WORK ITEM:
Instruction for the data below: set down exactly the lines from the line with "A good office" to the line with "Vector Outline Compass", inclusive, and no others.
* * * *
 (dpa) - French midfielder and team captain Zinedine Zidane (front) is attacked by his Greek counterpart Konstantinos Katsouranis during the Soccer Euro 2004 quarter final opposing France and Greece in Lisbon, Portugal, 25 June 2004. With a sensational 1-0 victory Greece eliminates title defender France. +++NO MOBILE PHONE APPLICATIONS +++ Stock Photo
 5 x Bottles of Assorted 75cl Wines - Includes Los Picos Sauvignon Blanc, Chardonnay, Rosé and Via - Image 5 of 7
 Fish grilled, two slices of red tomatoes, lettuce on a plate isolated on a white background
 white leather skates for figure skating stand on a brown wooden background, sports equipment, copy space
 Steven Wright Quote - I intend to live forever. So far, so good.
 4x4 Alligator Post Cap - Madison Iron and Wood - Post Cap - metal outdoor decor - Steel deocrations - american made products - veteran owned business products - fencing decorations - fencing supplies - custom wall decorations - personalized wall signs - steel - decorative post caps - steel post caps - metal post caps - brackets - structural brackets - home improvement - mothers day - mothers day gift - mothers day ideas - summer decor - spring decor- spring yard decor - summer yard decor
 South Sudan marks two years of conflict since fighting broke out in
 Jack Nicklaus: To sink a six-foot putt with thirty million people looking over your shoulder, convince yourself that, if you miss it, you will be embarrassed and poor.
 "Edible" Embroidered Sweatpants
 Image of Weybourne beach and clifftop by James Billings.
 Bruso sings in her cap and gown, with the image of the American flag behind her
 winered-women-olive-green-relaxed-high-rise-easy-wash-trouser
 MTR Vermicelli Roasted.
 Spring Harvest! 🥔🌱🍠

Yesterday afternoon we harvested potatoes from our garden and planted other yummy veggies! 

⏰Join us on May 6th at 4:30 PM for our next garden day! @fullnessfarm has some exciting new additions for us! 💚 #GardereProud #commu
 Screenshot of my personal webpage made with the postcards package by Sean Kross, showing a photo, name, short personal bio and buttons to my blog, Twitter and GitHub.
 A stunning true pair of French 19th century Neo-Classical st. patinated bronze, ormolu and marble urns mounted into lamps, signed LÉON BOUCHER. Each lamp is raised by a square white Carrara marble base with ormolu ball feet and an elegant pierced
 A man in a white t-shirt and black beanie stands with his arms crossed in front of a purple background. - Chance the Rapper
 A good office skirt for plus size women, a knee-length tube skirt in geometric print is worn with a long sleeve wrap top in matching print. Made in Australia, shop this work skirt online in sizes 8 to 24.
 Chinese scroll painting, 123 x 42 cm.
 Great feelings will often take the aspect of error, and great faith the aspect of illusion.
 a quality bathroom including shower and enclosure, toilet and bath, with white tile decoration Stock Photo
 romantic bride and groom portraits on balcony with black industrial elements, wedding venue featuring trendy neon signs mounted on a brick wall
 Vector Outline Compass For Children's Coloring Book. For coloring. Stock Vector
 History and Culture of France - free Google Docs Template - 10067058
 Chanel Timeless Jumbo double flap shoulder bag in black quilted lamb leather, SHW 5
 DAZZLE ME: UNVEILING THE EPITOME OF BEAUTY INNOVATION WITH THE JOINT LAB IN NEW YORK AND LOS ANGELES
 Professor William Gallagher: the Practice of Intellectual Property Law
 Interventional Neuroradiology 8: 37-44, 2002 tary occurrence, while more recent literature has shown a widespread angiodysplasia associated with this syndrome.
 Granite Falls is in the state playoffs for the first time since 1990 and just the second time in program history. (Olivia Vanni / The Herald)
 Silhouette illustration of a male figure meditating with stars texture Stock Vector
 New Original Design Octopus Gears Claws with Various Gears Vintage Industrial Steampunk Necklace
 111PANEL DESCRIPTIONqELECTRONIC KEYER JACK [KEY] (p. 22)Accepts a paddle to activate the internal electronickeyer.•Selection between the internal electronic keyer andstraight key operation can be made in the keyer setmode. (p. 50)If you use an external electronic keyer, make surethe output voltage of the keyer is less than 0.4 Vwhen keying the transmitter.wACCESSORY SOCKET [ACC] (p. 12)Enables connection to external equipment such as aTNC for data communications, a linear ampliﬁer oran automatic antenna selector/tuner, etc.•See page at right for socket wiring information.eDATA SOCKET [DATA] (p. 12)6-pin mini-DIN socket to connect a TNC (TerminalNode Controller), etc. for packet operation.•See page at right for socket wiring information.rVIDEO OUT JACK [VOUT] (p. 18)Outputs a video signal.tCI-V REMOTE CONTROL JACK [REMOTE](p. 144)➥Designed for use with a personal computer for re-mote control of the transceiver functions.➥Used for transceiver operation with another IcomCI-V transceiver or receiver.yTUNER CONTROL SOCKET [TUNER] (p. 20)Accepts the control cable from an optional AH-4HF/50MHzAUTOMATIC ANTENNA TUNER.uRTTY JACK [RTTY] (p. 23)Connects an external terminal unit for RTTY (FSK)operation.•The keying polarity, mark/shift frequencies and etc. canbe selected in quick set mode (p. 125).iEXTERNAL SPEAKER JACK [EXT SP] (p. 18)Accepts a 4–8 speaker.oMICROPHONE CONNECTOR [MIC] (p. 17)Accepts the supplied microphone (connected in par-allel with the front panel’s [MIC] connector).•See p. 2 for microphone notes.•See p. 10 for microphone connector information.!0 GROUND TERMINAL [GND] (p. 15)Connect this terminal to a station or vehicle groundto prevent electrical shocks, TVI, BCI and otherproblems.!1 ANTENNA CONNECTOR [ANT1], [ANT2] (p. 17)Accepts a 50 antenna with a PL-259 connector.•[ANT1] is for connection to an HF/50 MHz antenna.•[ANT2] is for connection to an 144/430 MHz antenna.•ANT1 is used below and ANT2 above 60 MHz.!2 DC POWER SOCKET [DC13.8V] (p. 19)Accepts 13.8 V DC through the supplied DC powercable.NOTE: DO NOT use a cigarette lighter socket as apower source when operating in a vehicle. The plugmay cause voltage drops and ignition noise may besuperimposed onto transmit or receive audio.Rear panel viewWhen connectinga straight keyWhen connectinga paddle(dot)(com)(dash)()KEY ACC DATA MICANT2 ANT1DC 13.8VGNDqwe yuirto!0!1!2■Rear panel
* * * *
COMPLETED EXERCISE:
 A good office skirt for plus size women, a knee-length tube skirt in geometric print is worn with a long sleeve wrap top in matching print. Made in Australia, shop this work skirt online in sizes 8 to 24.
 Chinese scroll painting, 123 x 42 cm.
 Great feelings will often take the aspect of error, and great faith the aspect of illusion.
 a quality bathroom including shower and enclosure, toilet and bath, with white tile decoration Stock Photo
 romantic bride and groom portraits on balcony with black industrial elements, wedding venue featuring trendy neon signs mounted on a brick wall
 Vector Outline Compass For Children's Coloring Book. For coloring. Stock Vector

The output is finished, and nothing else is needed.